There are a variety of known materials for cleaning fouled reverse osmosis membranes. By "fouled" membranes is meant membranes whose efficiency has been reduced below acceptable levels by calcium and magnesium scale, by a variety of metal oxides, by deposition of colloidal materials, and by deposition of biological materials. The known cleaning techniques usually involve cleaning a single type of fouling. For instance, calcium carbonate precipiates can be removed by treating with hydrochloric acid at a low pH (about pH 4), sulfuric acid at about pH 4, or citric acid at about pH 4. Sulfuric acid is not particularly desirable since it adds additional sulfate ion which could cause precipitation of calcium sulfate. Calcium sulfate and calcium phosphate scale are often removed with a combination of citric acid and ammonium hydroxide at pH 8. Alternatively, this type of scale can be removed with disodium EDTA and sodium hydroxide at a pH of 7-8, or tetrasodium EDTA and hydrochloric acid at a pH of 7-8. Thus, it will be seen that while citric acid can be used to remove calcium carbonate scale and calcium sulfate scale, the needed pH conditions are quite different.
To remove organic fouling, quite often the membrane is washed with a caustic solution, that is, sodium hydroxide at no higher than pH 11. Alternatively, a commonly available enzyme activated detergent made by Proctor and Gamble, known as "Biz" is used at pH 10.
To remove colloidal fouling caused by silicates, citric acid and ammonium hydroxide at pH 4 are commonly used. Alternatively, hydrochloric acid at a pH of 2.5 can be used or sodium hydroxide at a pH of 11 can be used. Other cleaning materials for colloidal fouling are Biz at a pH of 8.5-9.5 or a pH of 11, or sodium hexametaphosphate.
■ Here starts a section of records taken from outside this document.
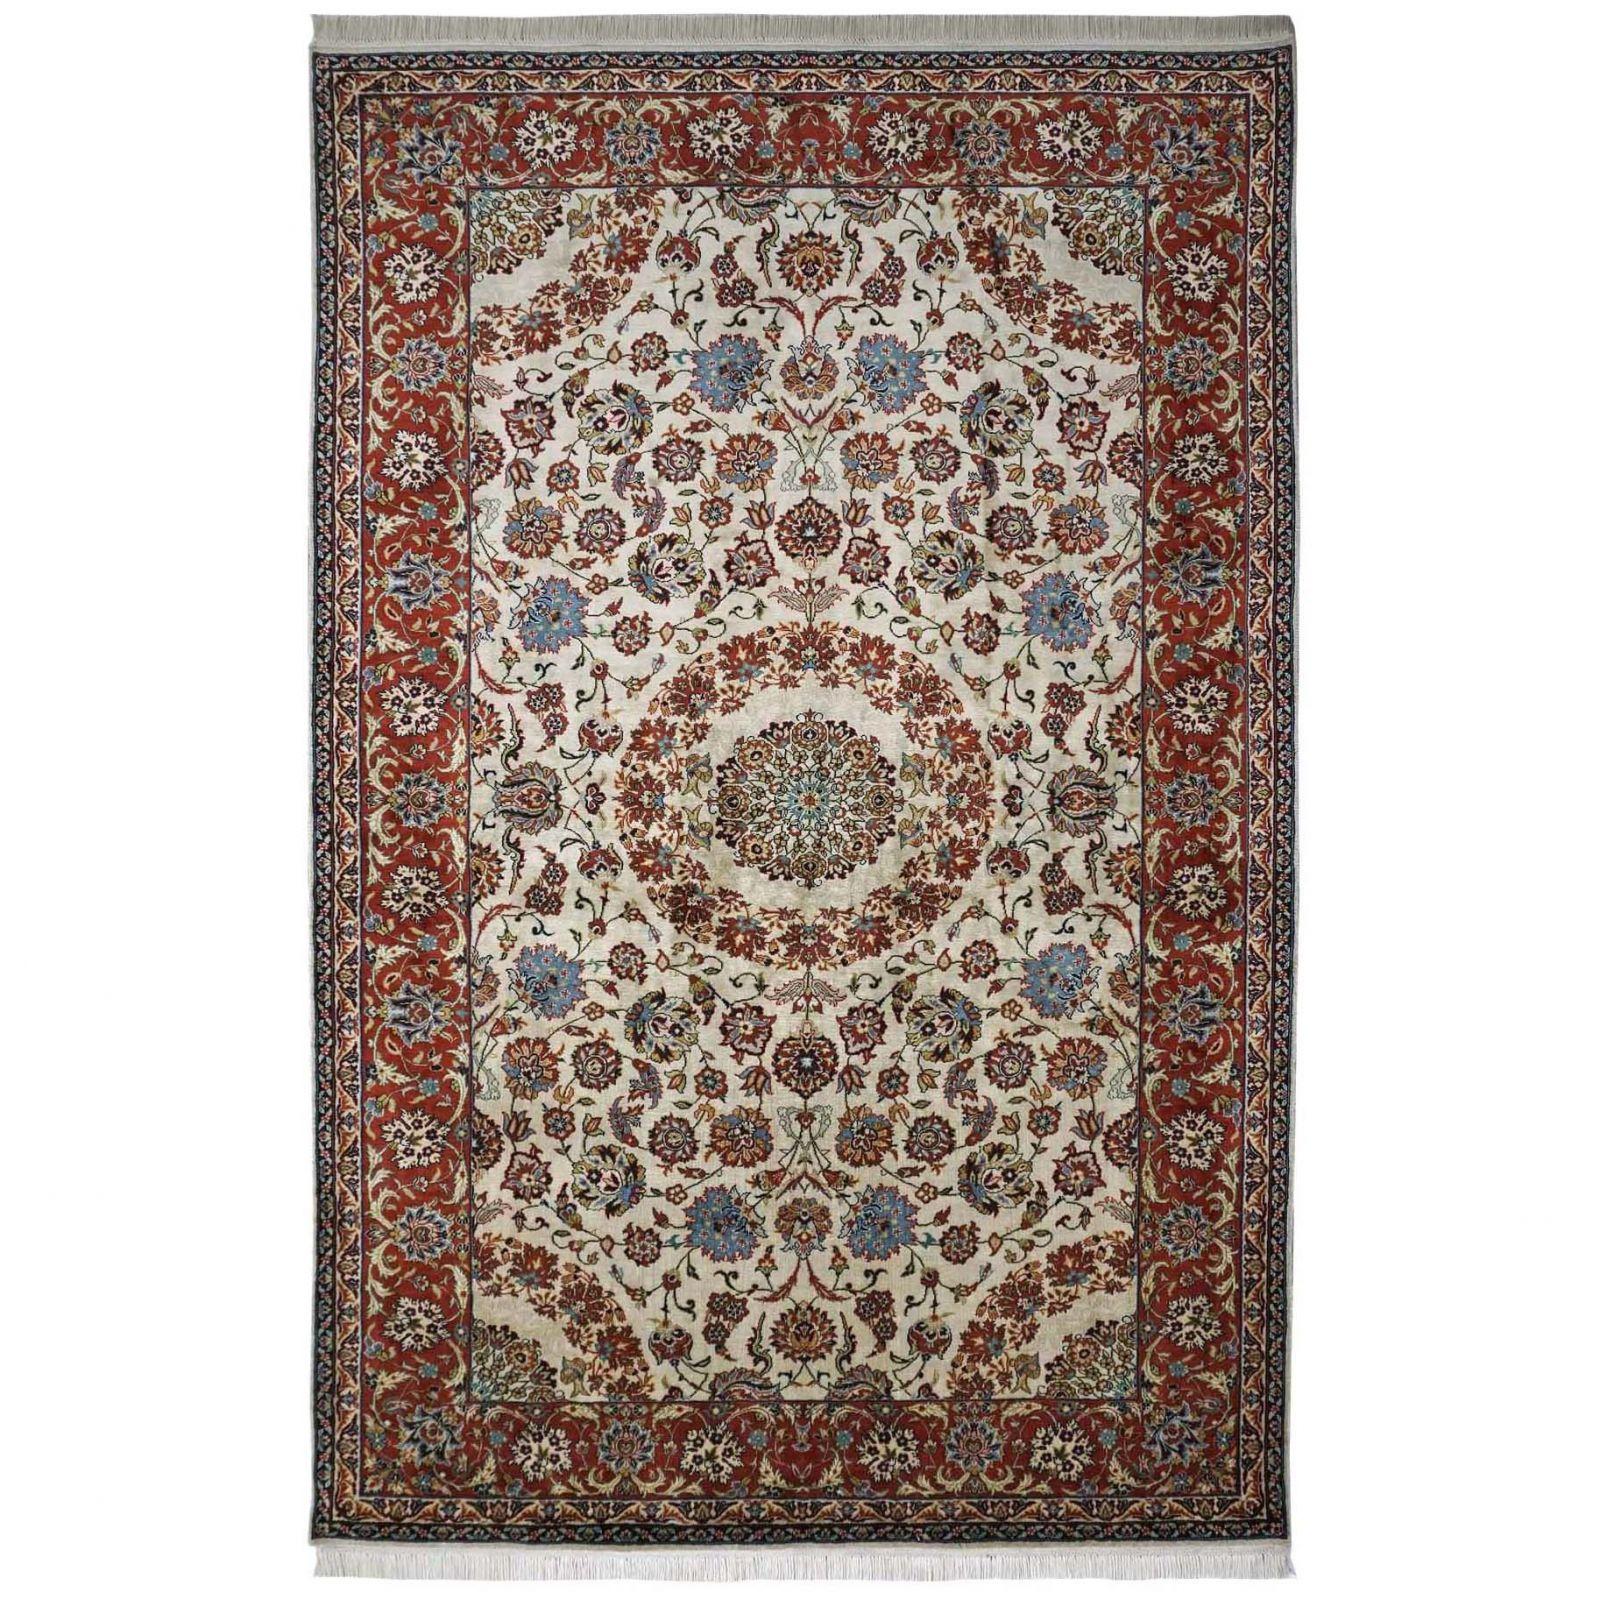 Isfahan design silk pile carpet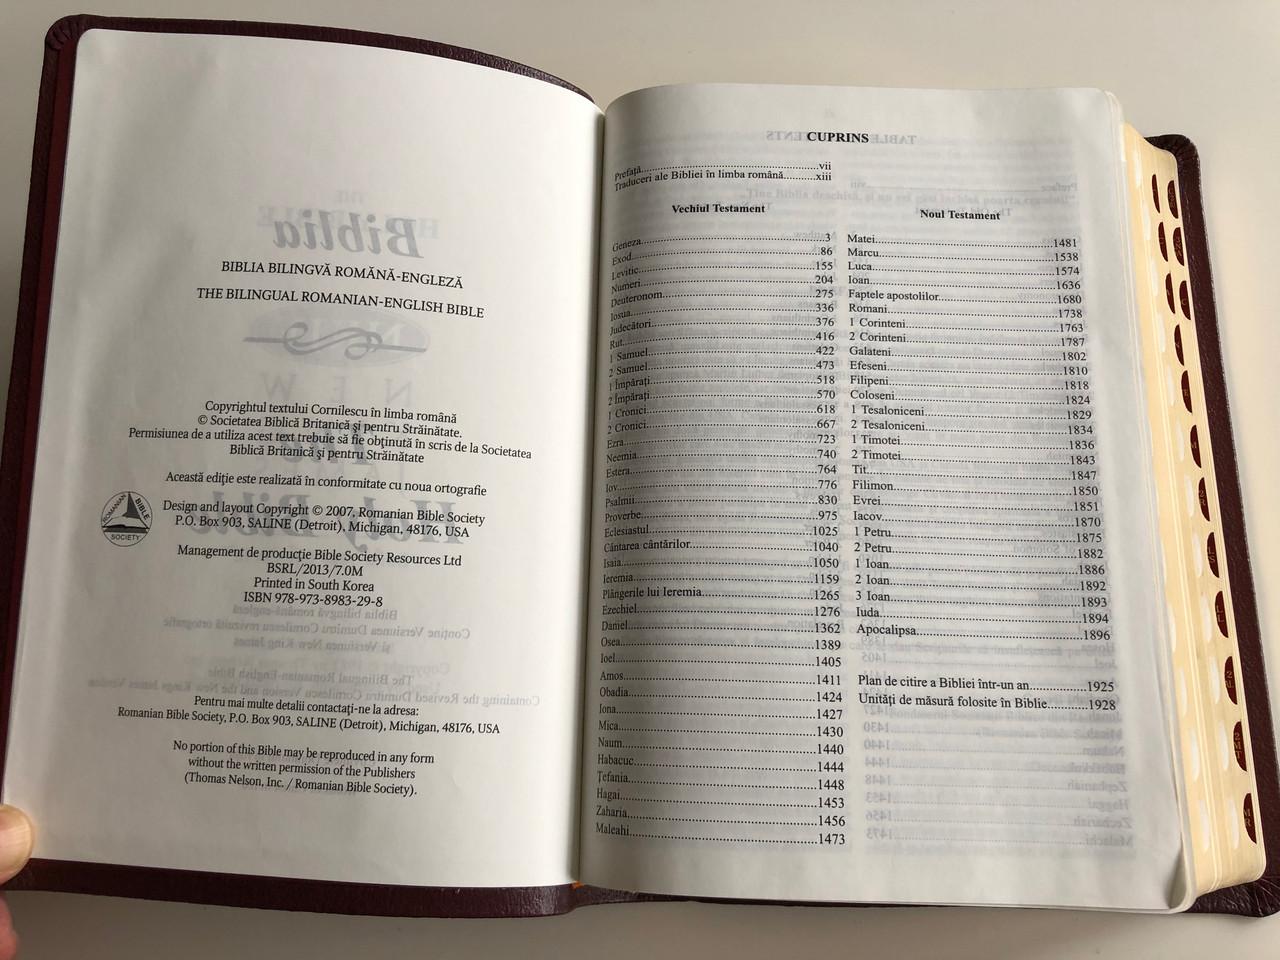 Romanian - English Bilingual Holy Bible RDCV - NKJV / Burgundy / Genuine  Leather Bound / Biblia Bilingvă Romănă - Engleză / Golden Edges, Thumb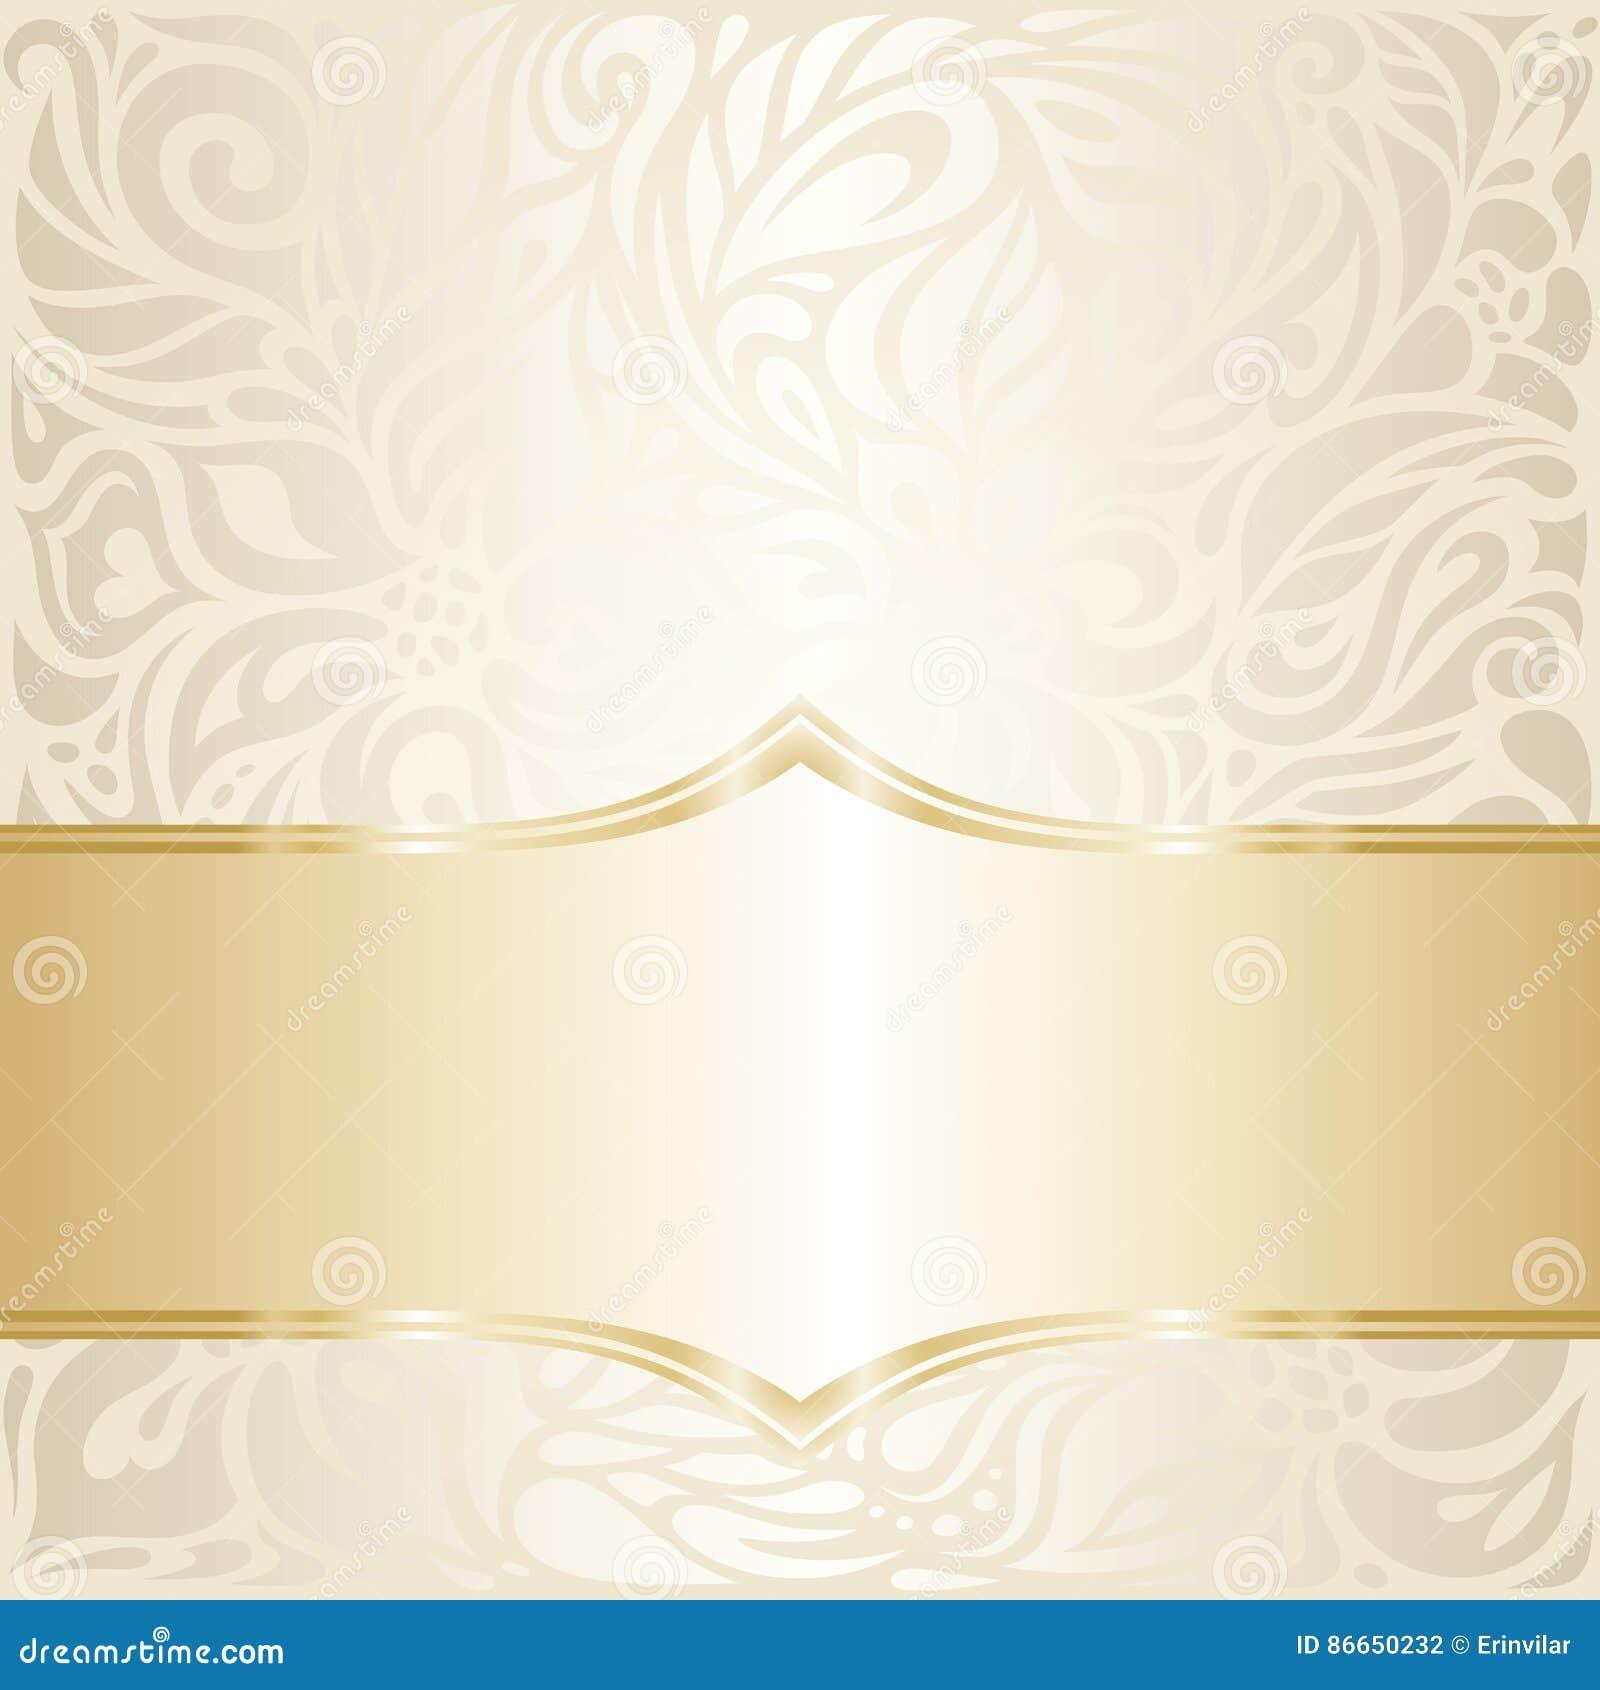 Floral Wedding Invitation Wallpaper Design In Ecru Royalty Free Vector Download

The prior art has recognized that there could be fouling from metal oxide such as iron oxide. According to the prior art, iron oxide fouling is primarily caused by the use of steel piping or other fittings which gradually raise the level of ferrous iron in the water. The ferrous iron then is oxidized by dissolved oxygen to form ferric iron. The ferric oxide then deposits on the membrane. Cleaning of the ferric oxide deposits is commony done by using citric acid and ammonium hydroxide at pH 4, citric acid and disodium EDTA and ammonium hydroxide at pH 4, or sodium hydrosulfite.
The problems and disadvantages associated with the prior art cleaning materials and methods are known to those skilled in the art, but no satisfactory solutions have been proposed. The disadvantages include the simple fact that different cleaning materials are used for different foulants, or different conditions are necessary for removing different foulants, so that a membrane must undergo several different treatments to remove all the foulants. In fact, as is recognized by those skilled in the art, none of these treatments is wholly effective against any of the foulants. In addition, certain of these treatments can be damaging to particular membranes and care must be taken, therefore, to prevent such damage. For instance, extremely low or extremely high pH will damage cellulosic membranes and the presence of chlorine will damage aromatic polyimide membranes.
Thus, a need exists for a composition capable of effectively cleaning different types of foulants from reverse osmosis membranes.